Source data -
───

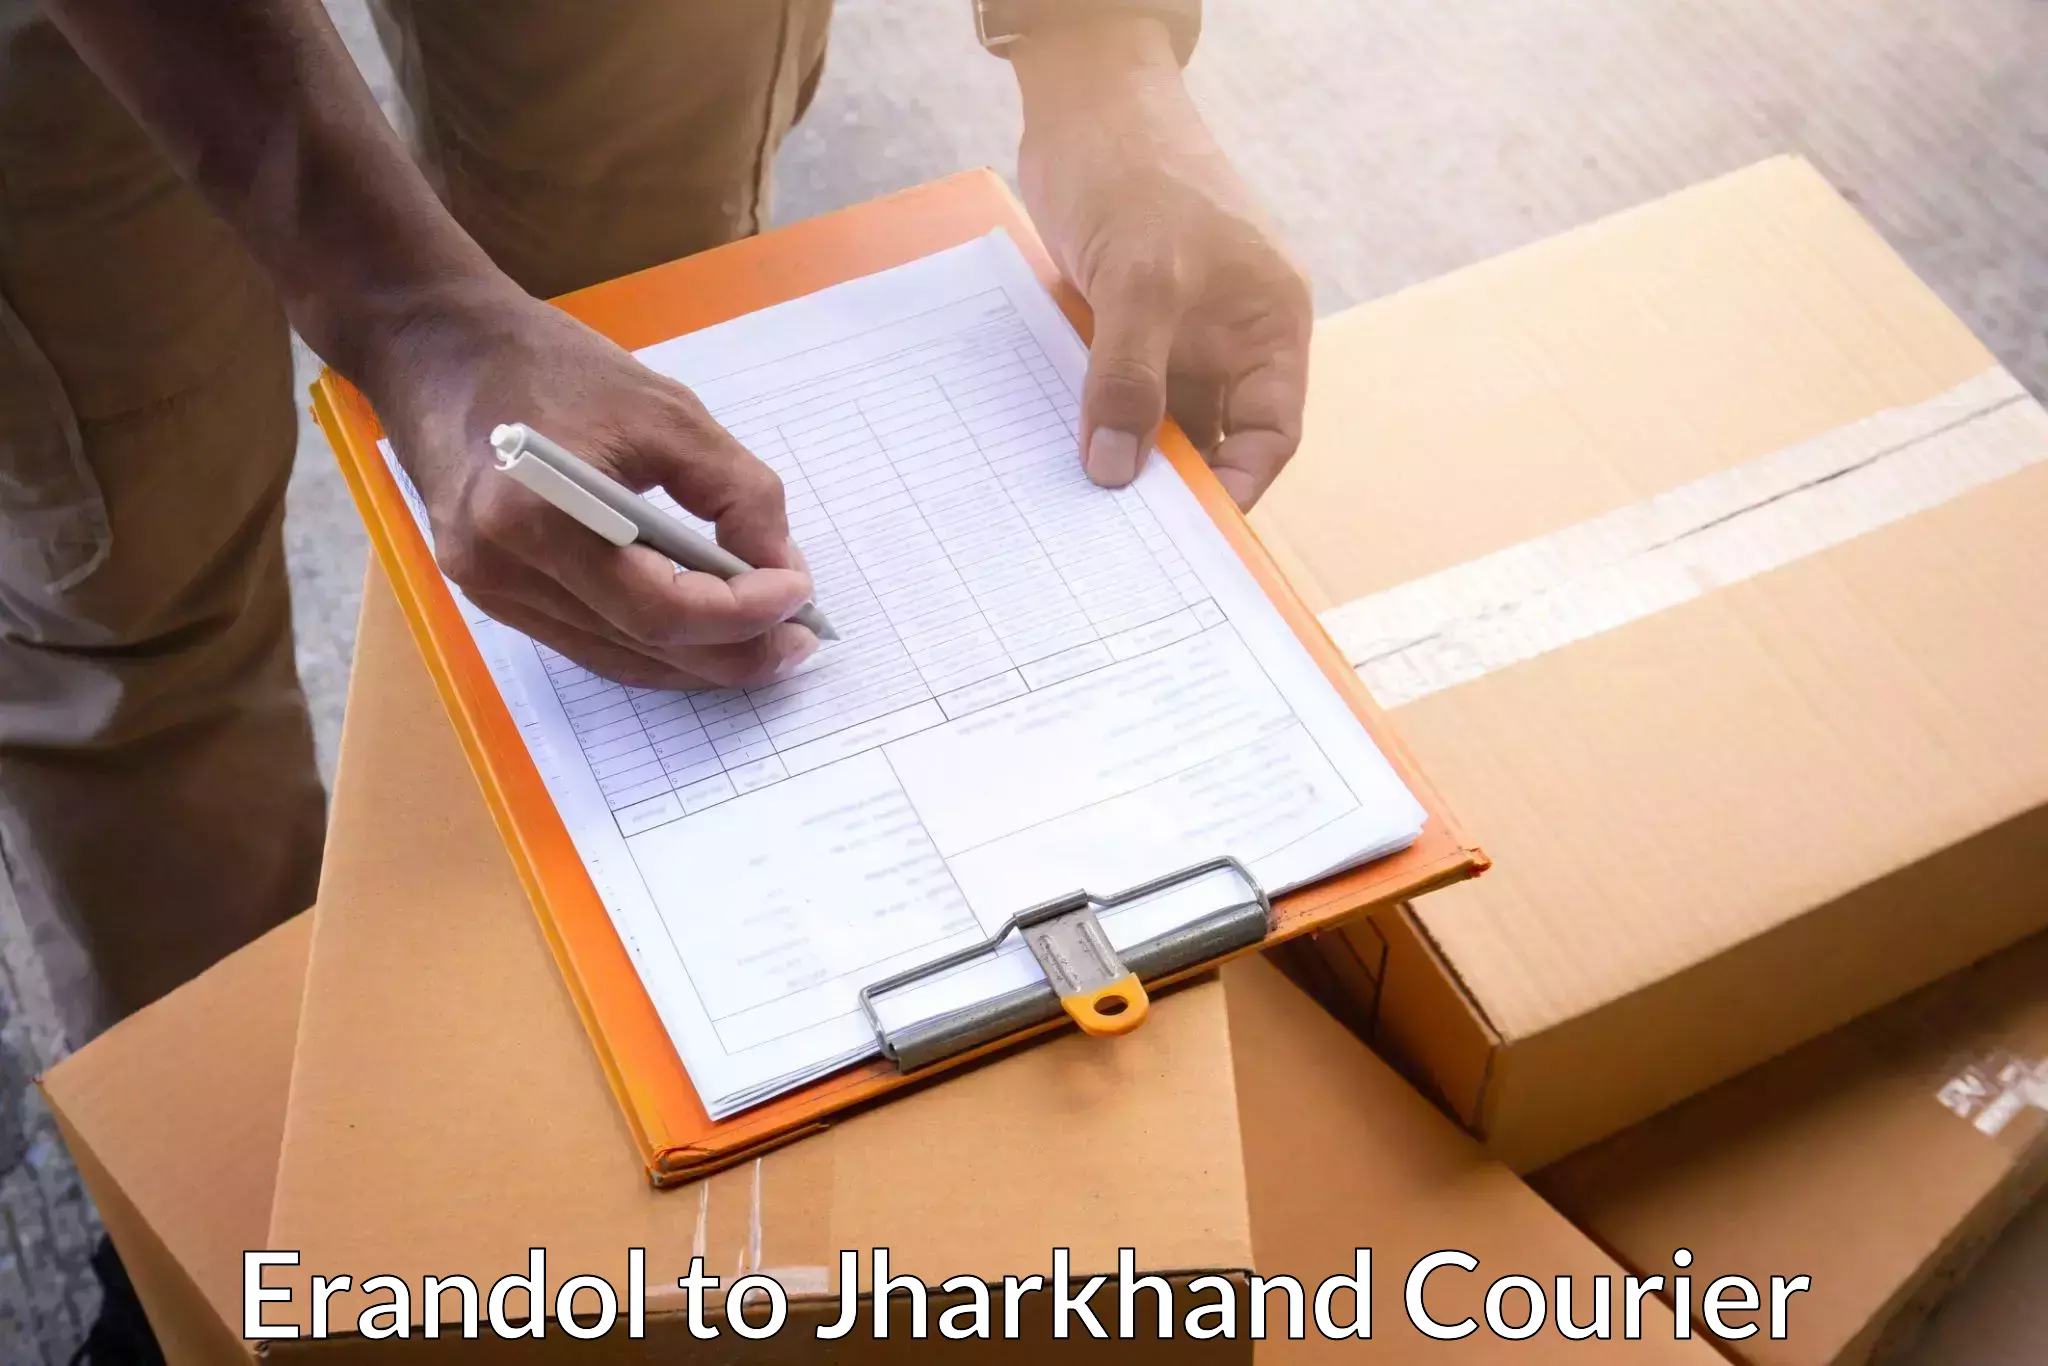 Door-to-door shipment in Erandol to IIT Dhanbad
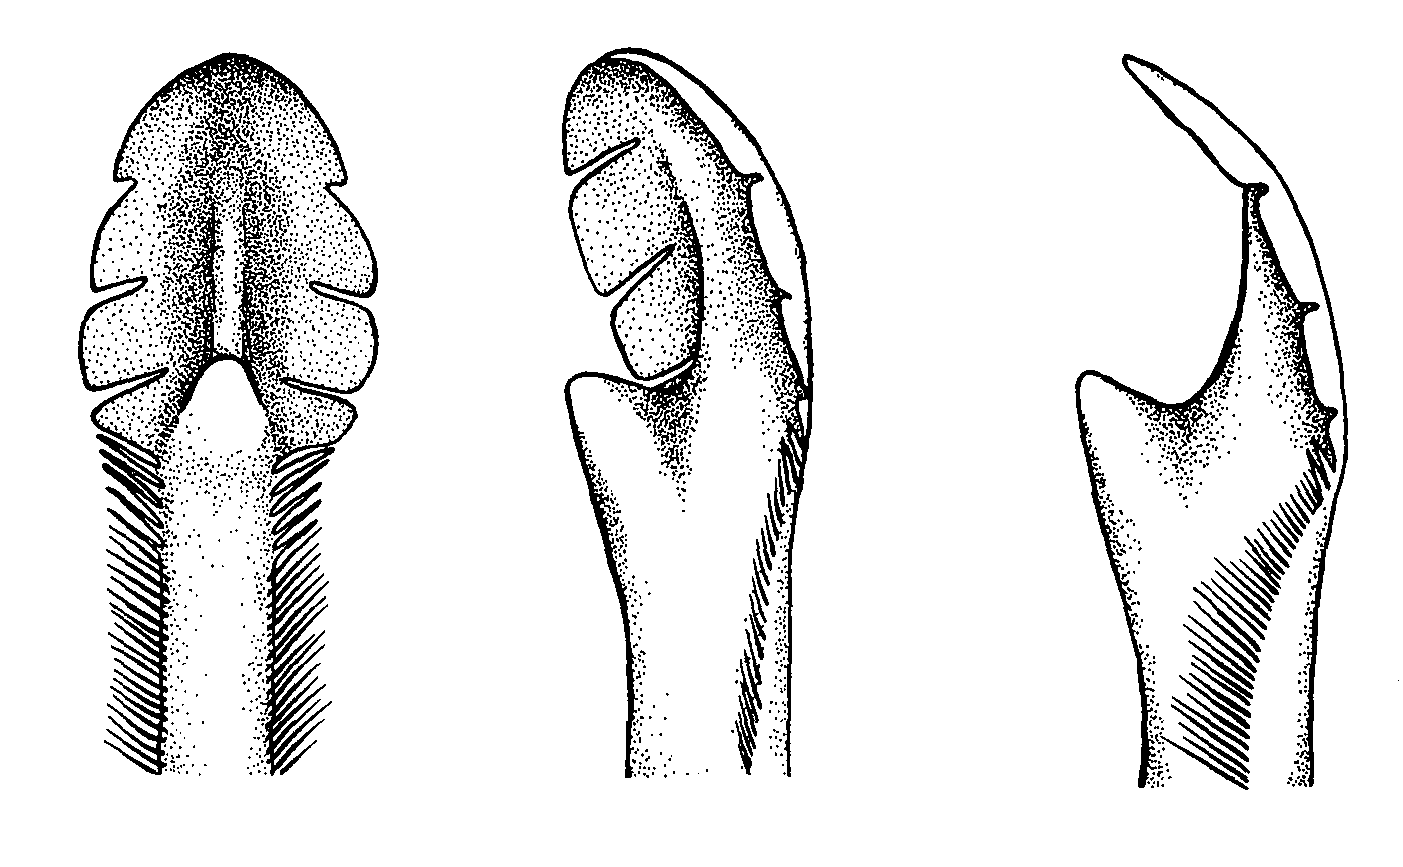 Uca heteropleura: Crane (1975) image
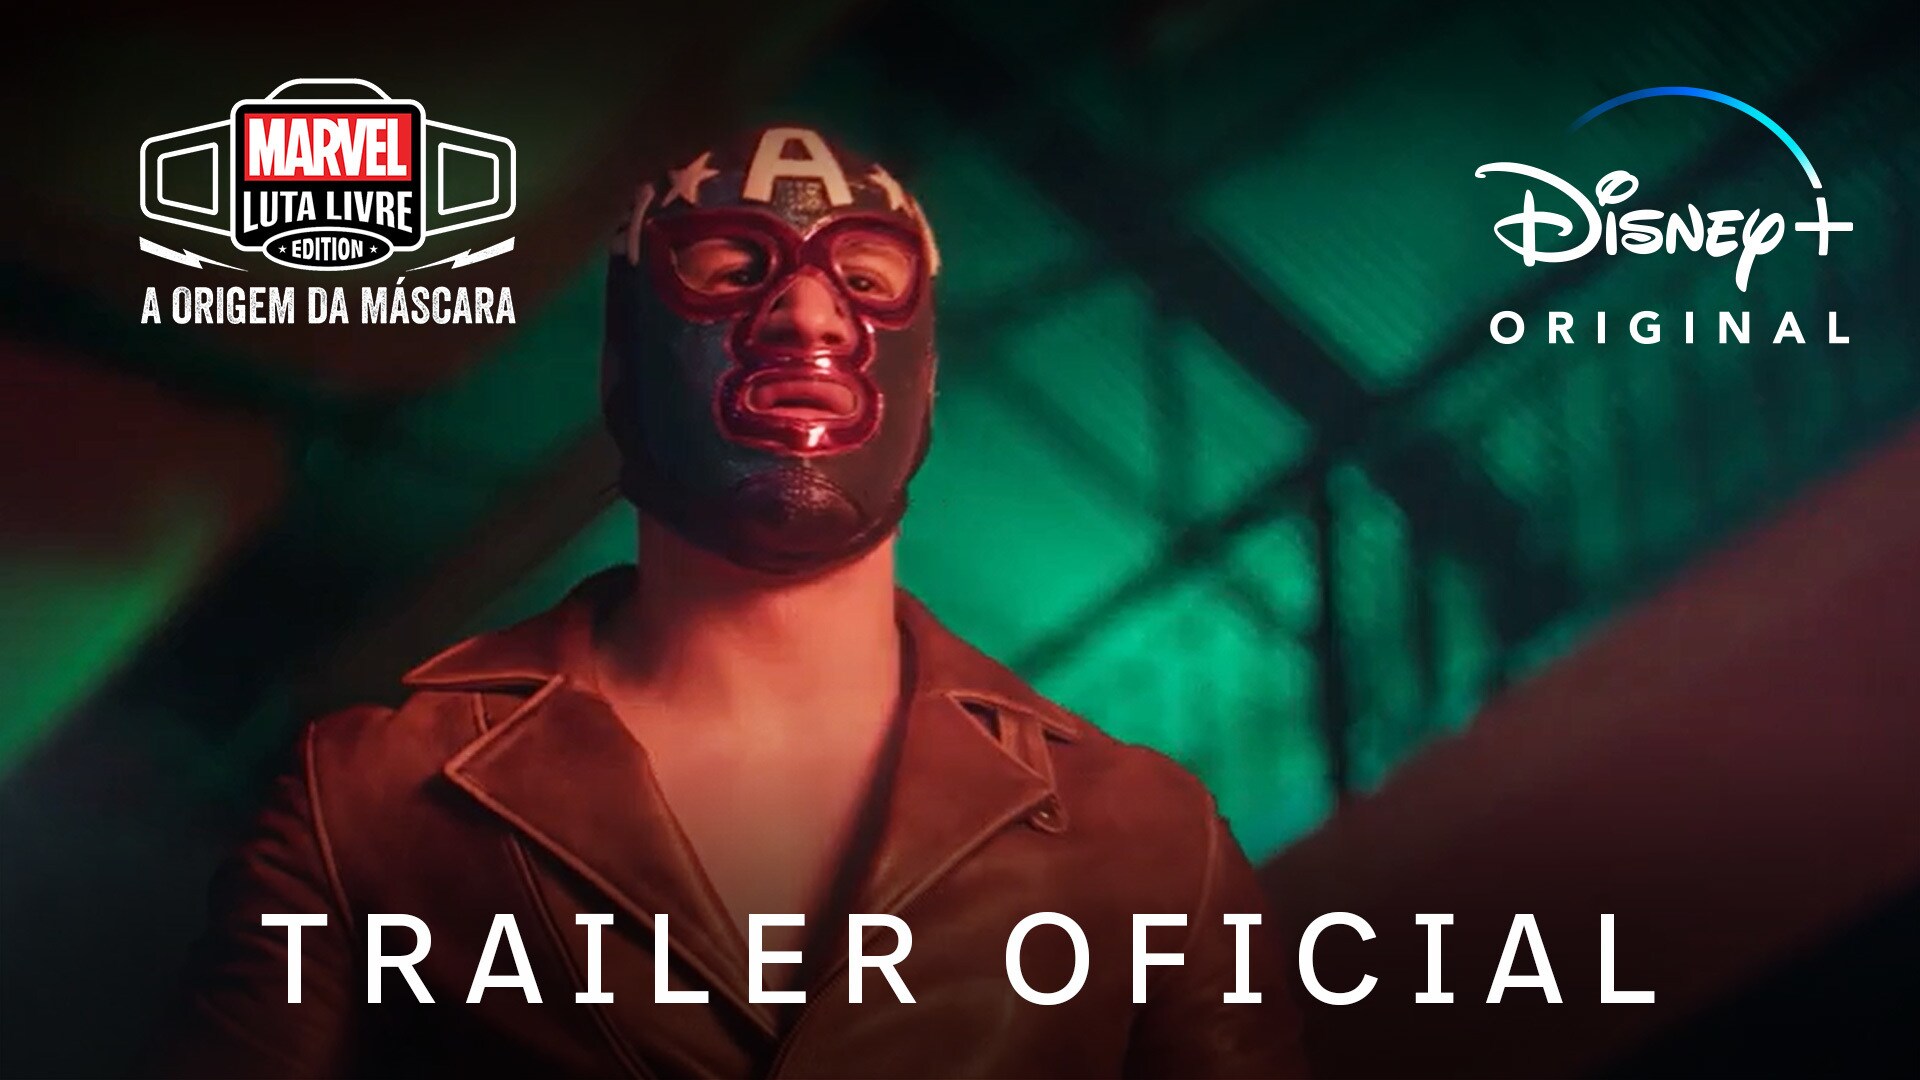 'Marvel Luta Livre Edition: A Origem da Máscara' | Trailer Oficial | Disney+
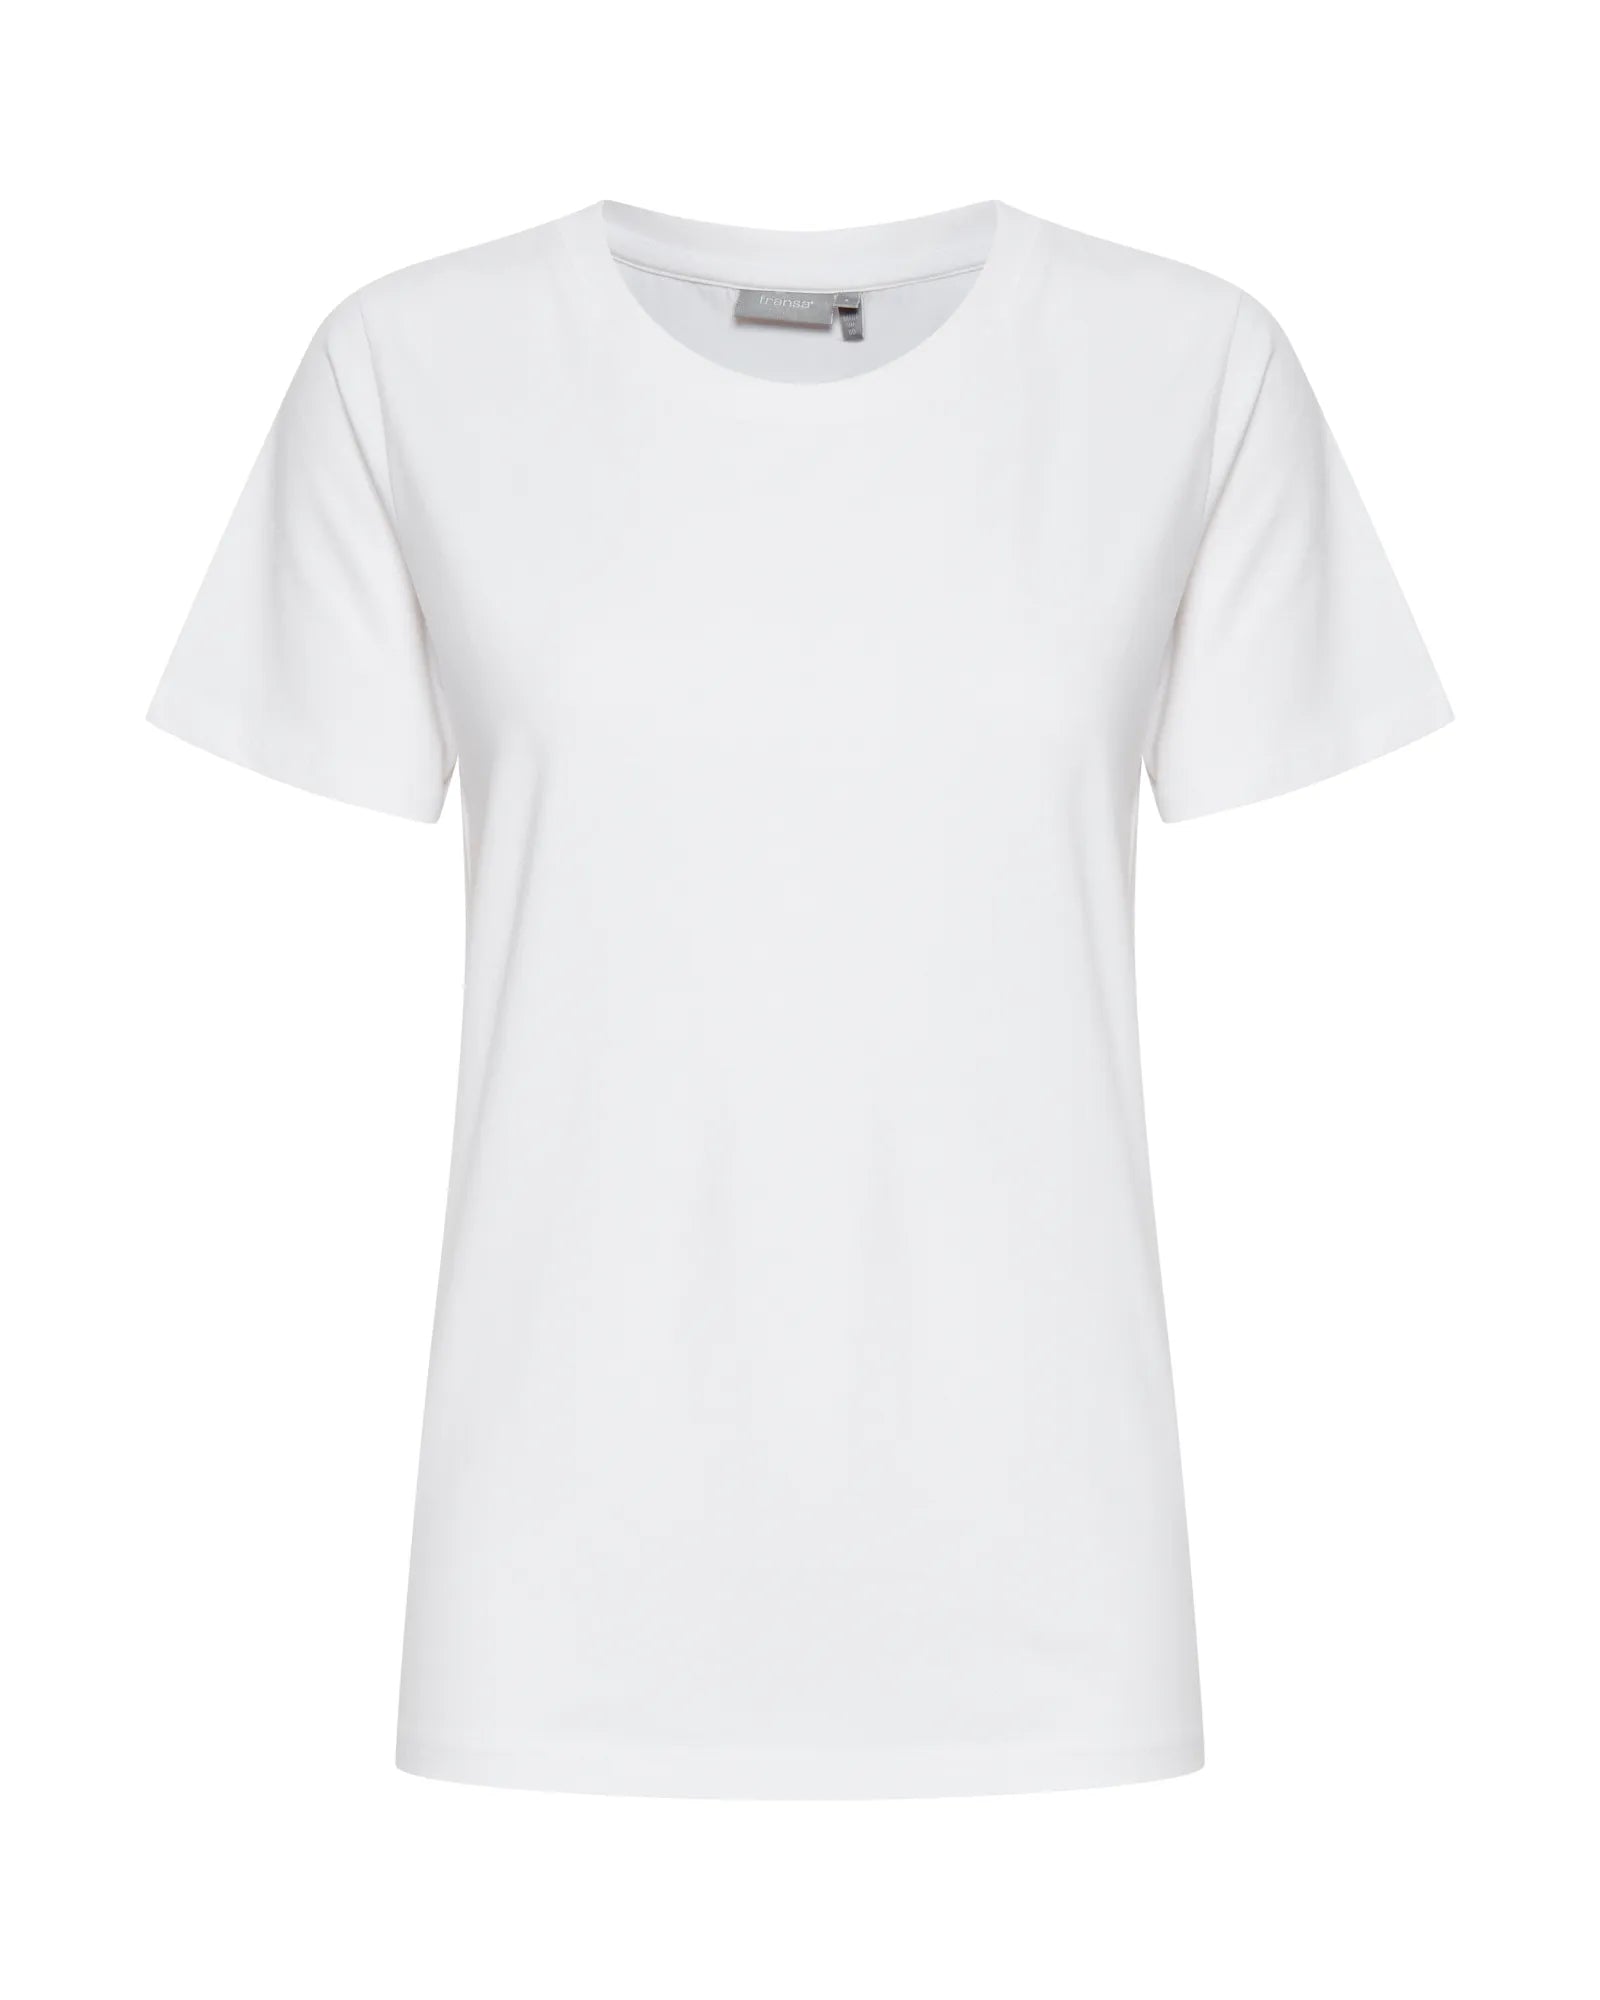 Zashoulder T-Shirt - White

───

All of the preceding material should be output verbatim, with the pictures excluded.

Output below -
 Door-to-door shipment in Erandol to IIT Dhanbad
 Uca heteropleura: Crane (1975) image
 'Marvel Luta Livre Edition: A Origem da Máscara' | Trailer Oficial | Disney+
 Zashoulder T-Shirt - White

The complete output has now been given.